One of my teachers said that the Hamiltonian operator can be thought of as infinite dimensional matrix, but I could not understand why. Moreover, if that is true, then how can we write the Hamiltonian operator as a matrix?
P.S: Please don't use concepts much beyond high school level. I know the basics of matrices and am still in the process of learning linear algebra topics like "Vector spaces". So try to explain in simple words as much as possible. Thank you.
If you know how a derivative can be approximated in a finite space, you know the answer to your question.

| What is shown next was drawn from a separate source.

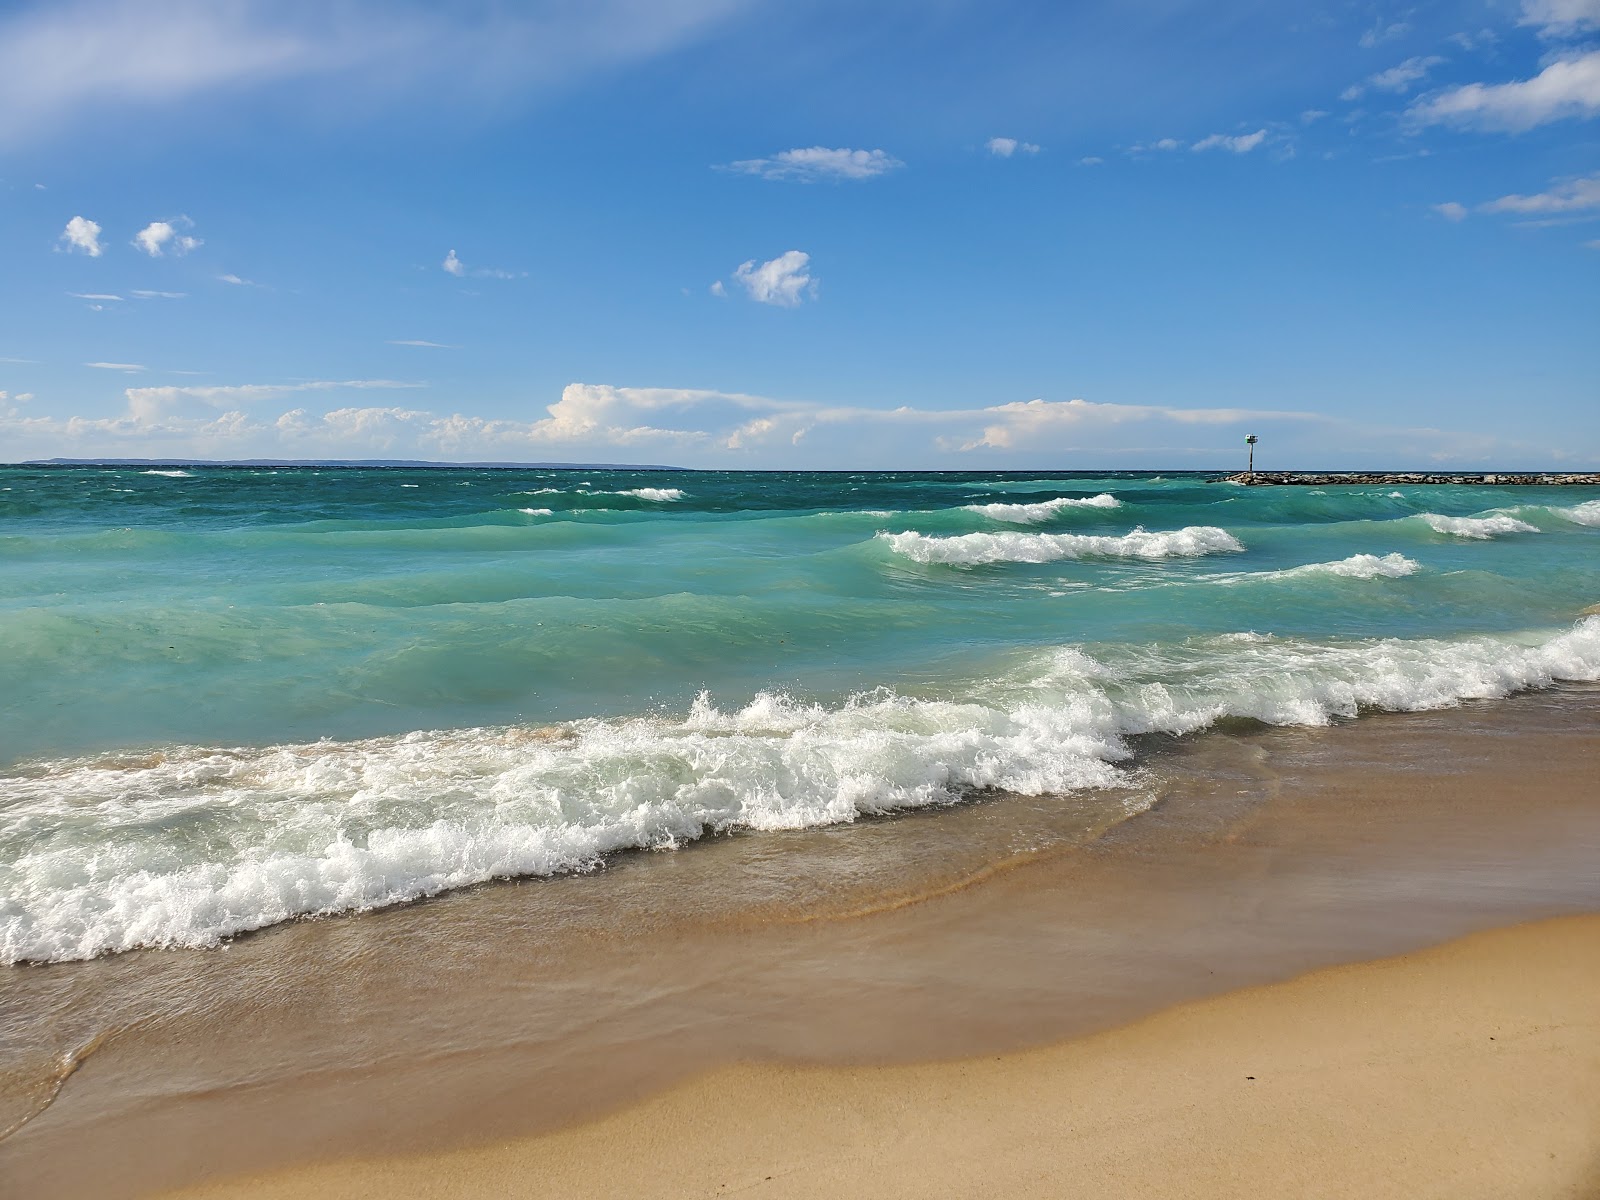 Fotografie cu Van's Beach - locul popular printre cunoscătorii de relaxare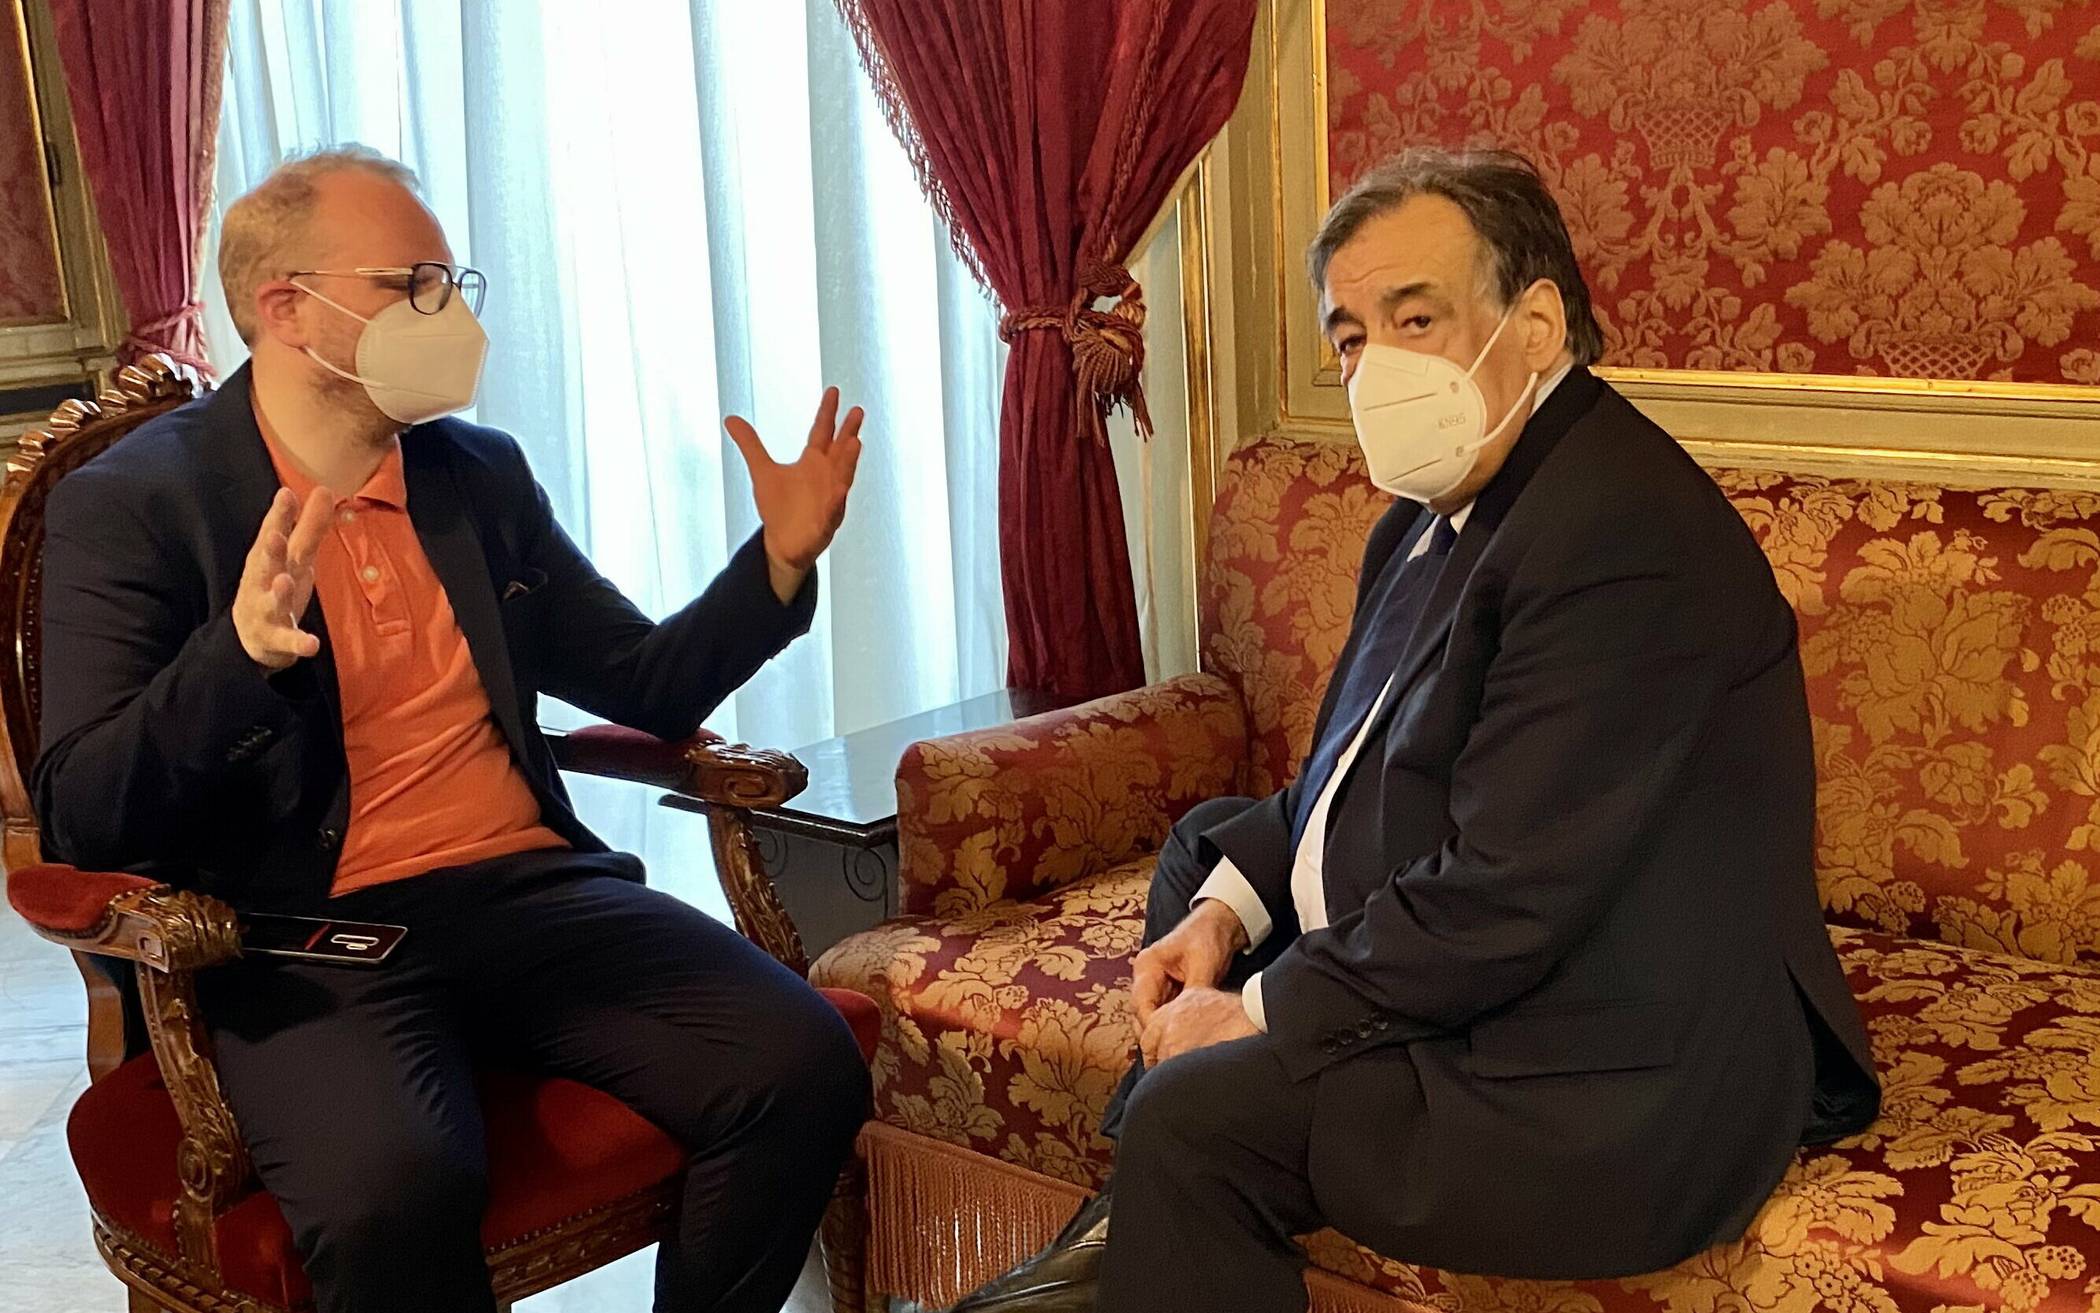  Helge Lindh im Gespräch mit Leoluca Orlando, dem Bürgermeister der sizilianischen Hauptstadt Palermo.

Any derivative of a continuous function $f$, let it be for example $f''$ can be approximated using Taylor series for a discrete space: $$f''\approx \frac{f_{i+1}-2 f_{i}+ f_{i-1}}{h^2}$$ This equation permits a representation in matrix form: $$f'' \approx D^2f$$
Where $D^2$ is proportional to the following matrix: $$\left[\begin{matrix} 2 & -1 & ...& &\\ -1 & 2 &- 1 &...&\\ 0 & -1 & 2 &- 1 &...\\ ... &&&&\\\ ... &&-1&2&-1\\ ...\\ &&&-1&2 \end{matrix}\right]$$ Therefore if $h\to 0$ then the finite dimensional space turns into an infinite dimensional one, lesding to a infinite matrix $D^2$ representind the second derivative in continuum.